A Large Deformation Diffeomorphic Approach to Registration of CLARITY Images via Mutual Information
This work addresses the challenge of aligning novel CLARITY microscopy data for neuroscience research, but it is incremental as it adapts existing registration techniques to a new imaging modality.
The authors tackled the problem of registering large-scale CLARITY mouse brain images to an annotated atlas by developing a pipeline using a large deformation diffeomorphic approach with mutual information matching, achieving improved registration quality and reduced run time through a cascaded multi-resolution method.
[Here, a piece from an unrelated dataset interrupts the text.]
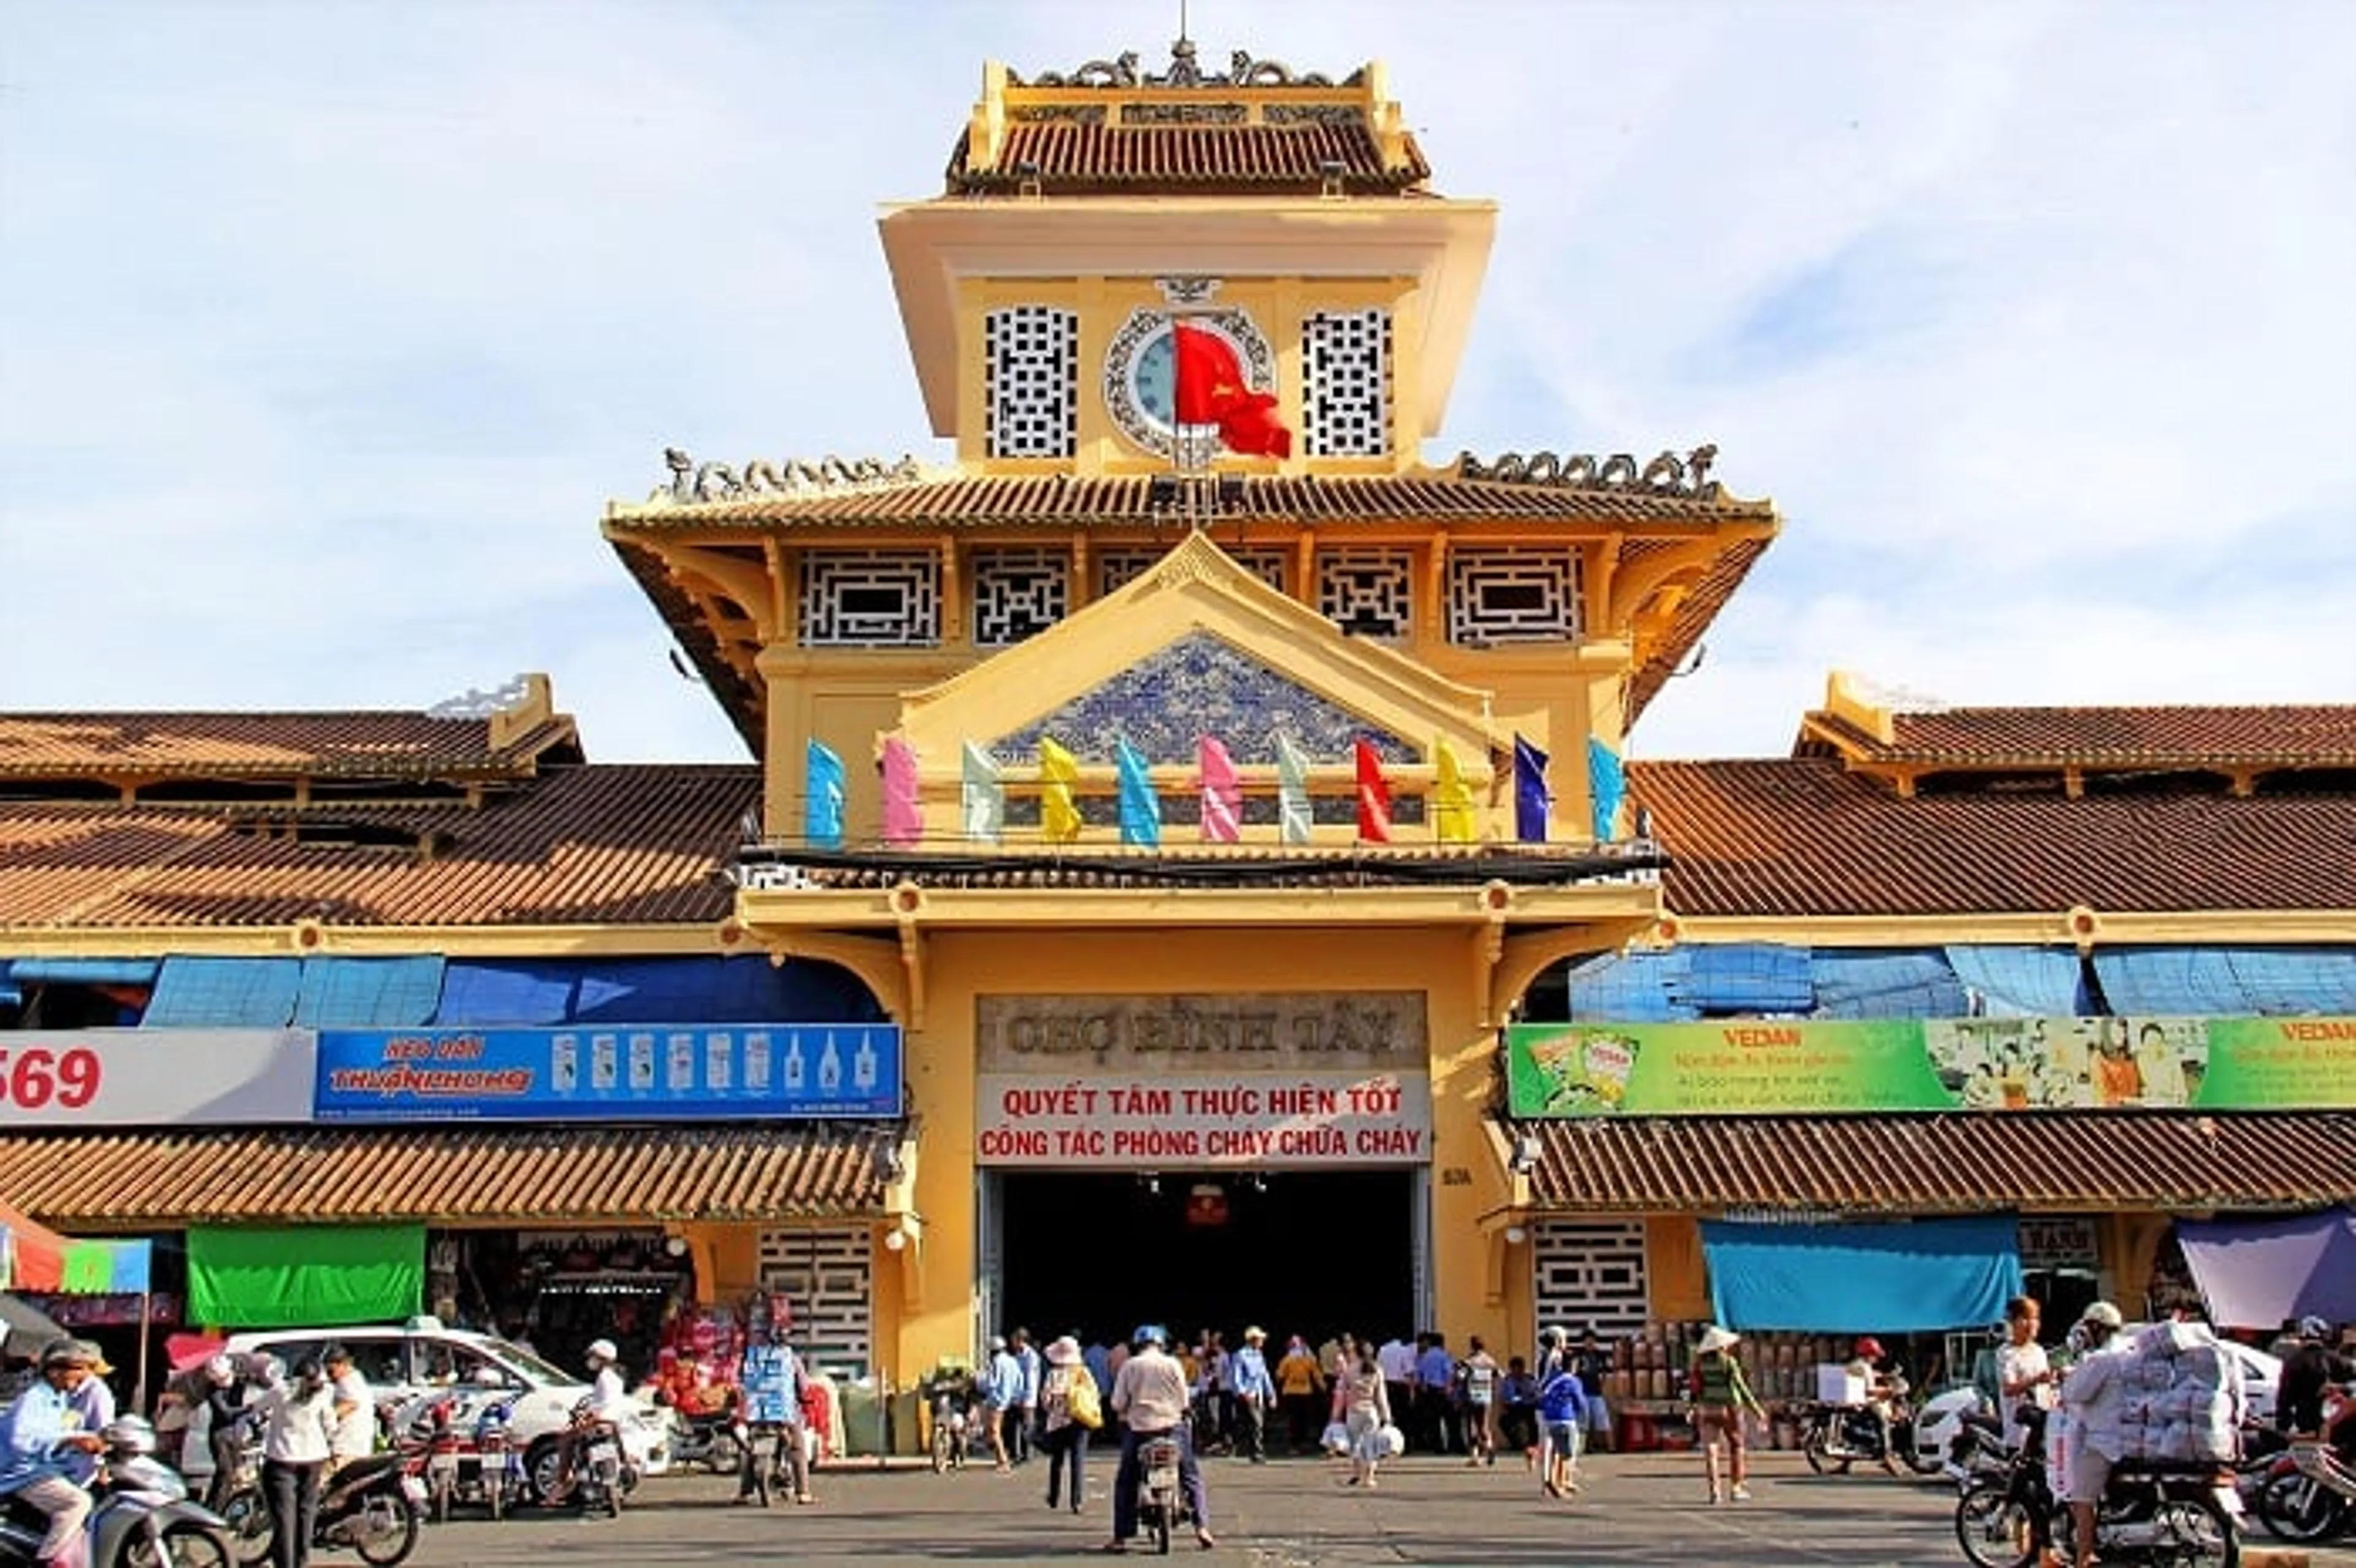 Binh Tay Market: A Must-Visit Destination in Saigon

CLARITY is a method for converting biological tissues into translucent and porous hydrogel-tissue hybrids. This facilitates interrogation with light sheet microscopy and penetration of molecular probes while avoiding physical slicing. In this work, we develop a pipeline for registering CLARIfied mouse brains to an annotated brain atlas. Due to the novelty of this microscopy technique it is impractical to use absolute intensity values to align these images to existing standard atlases. Thus we adopt a large deformation diffeomorphic approach for registering images via mutual information matching. Furthermore we show how a cascaded multi-resolution approach can improve registration quality while reducing algorithm run time. As acquired image volumes were over a terabyte in size, they were far too large for work on personal computers. Therefore the NeuroData computational infrastructure was deployed for multi-resolution storage and visualization of these images and aligned annotations on the web.